On Tue, Jul 11, 2017 at 3:09 AM, Richard Earnshaw (lists)
<[email protected]> wrote:
> On 11/07/17 05:16, Andrew Pinski wrote:
>> I was looking into some bitfield code for aarch64 and was wondering
>> why SLOW_BYTE_ACCESS is set to 0. I can't seem to figure out why
>> though.
>> The header says:
>> Although there's no difference in instruction count or cycles,
>> in AArch64 we don't want to expand to a sub-word to a 64-bit access
>> if we don't have to, for power-saving reasons. */
>>
>> But that does not make sense because with SLOW_BYTE_ACCESS to 0, GCC
>> expands a sub-word access to a 64bit access.

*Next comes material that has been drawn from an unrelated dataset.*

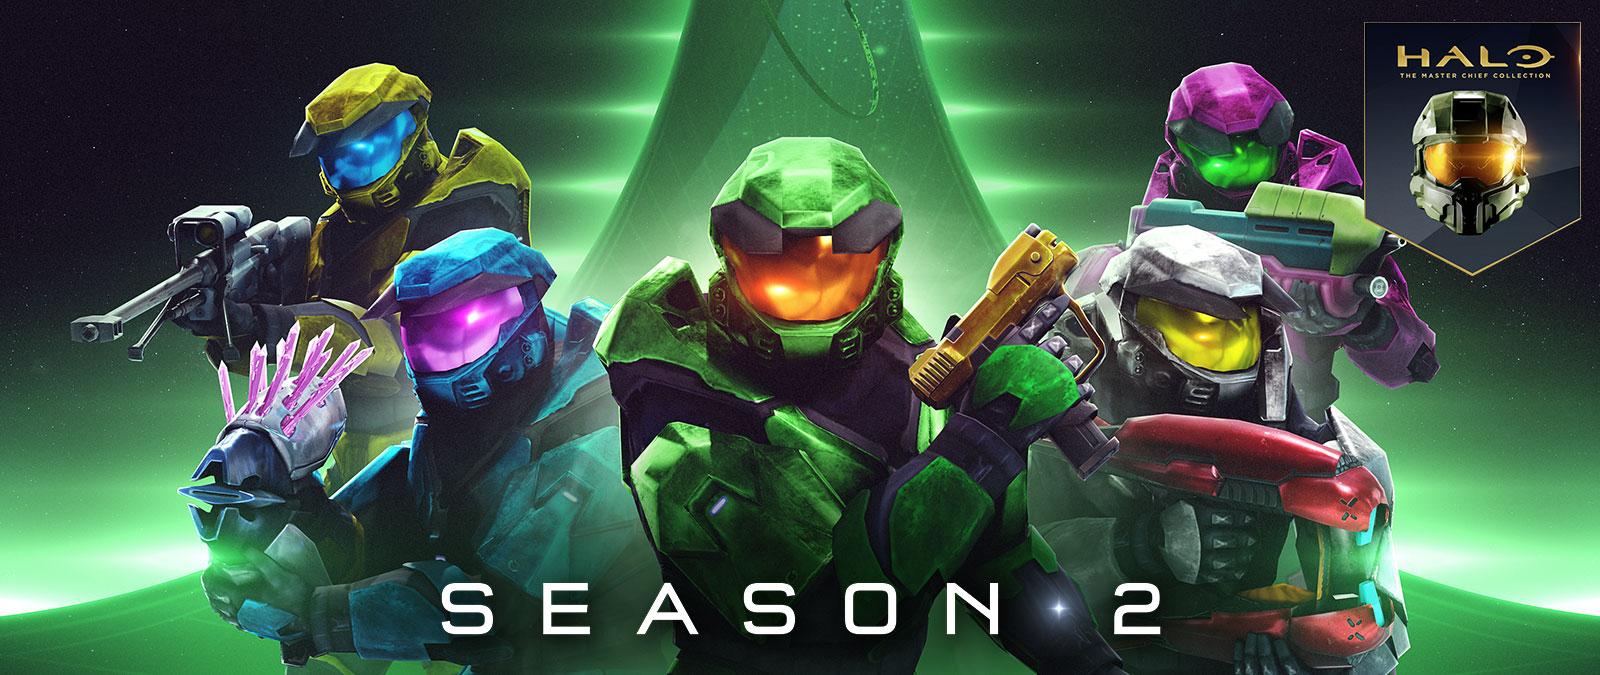 Halo: The Master Chief Collection, Season 2, 5 Spartan από το Halo Combat Evolved κρατούν πολύχρωμα όπλα όπως το needler και το πιστόλι

>>> When I set to SLOW_BYTE_ACCESS to 1, I get between 38% to 208% speed
>> up for accesses of a bitfields inside a loop on ThunderX CN88xx.
>
> What's the test case?
>
>>
>> Should we change SLOW_BYTE_ACCESS (or maybe better yet get rid of it)?
>>
>
> The documentation for SLOW_BYTE_ACCESS is just plain confusing, IMO.
> And your comment above seems to be contrary to the documentation as well.
Here is the testcase which shows the issue:
typedef unsigned long long u64;
typedef struct
{
u64 a:10;
u64 b:10;
u64 c:9;
u64 d:7;
u64 e:14;
u64 f:14;
}s_t;
void setting(s_t *a)
{
a->a = 0x2AA;
a->b = 0x2AA;
a->c = 0x155;
a->d = 0x2A;
a->e = 0x2AAA;
a->f = 0x2AAA;
}
void set(s_t *a, int b, int c, int d, int e, int f, int g)
{
a->a = b;
a->b = c;
a->c = d;
a->d = e;
a->e = f;
a->f = g;
}
--- CUT ---
If SLOW_BYTE_ACCESS is set to 0, we get many more instructions. See
the logic in bit_field_mode_iterator::next_mode (which calls
bit_field_mode_iterator::prefer_smaller_modes which checks
SLOW_BYTE_ACCESS).
Note the only other place which checks SLOW_BYTE_ACCESS is dojump.c
and I think that code might be dead due to expand directly from SSA.
Thanks,
Andrew Pinski
>
> R.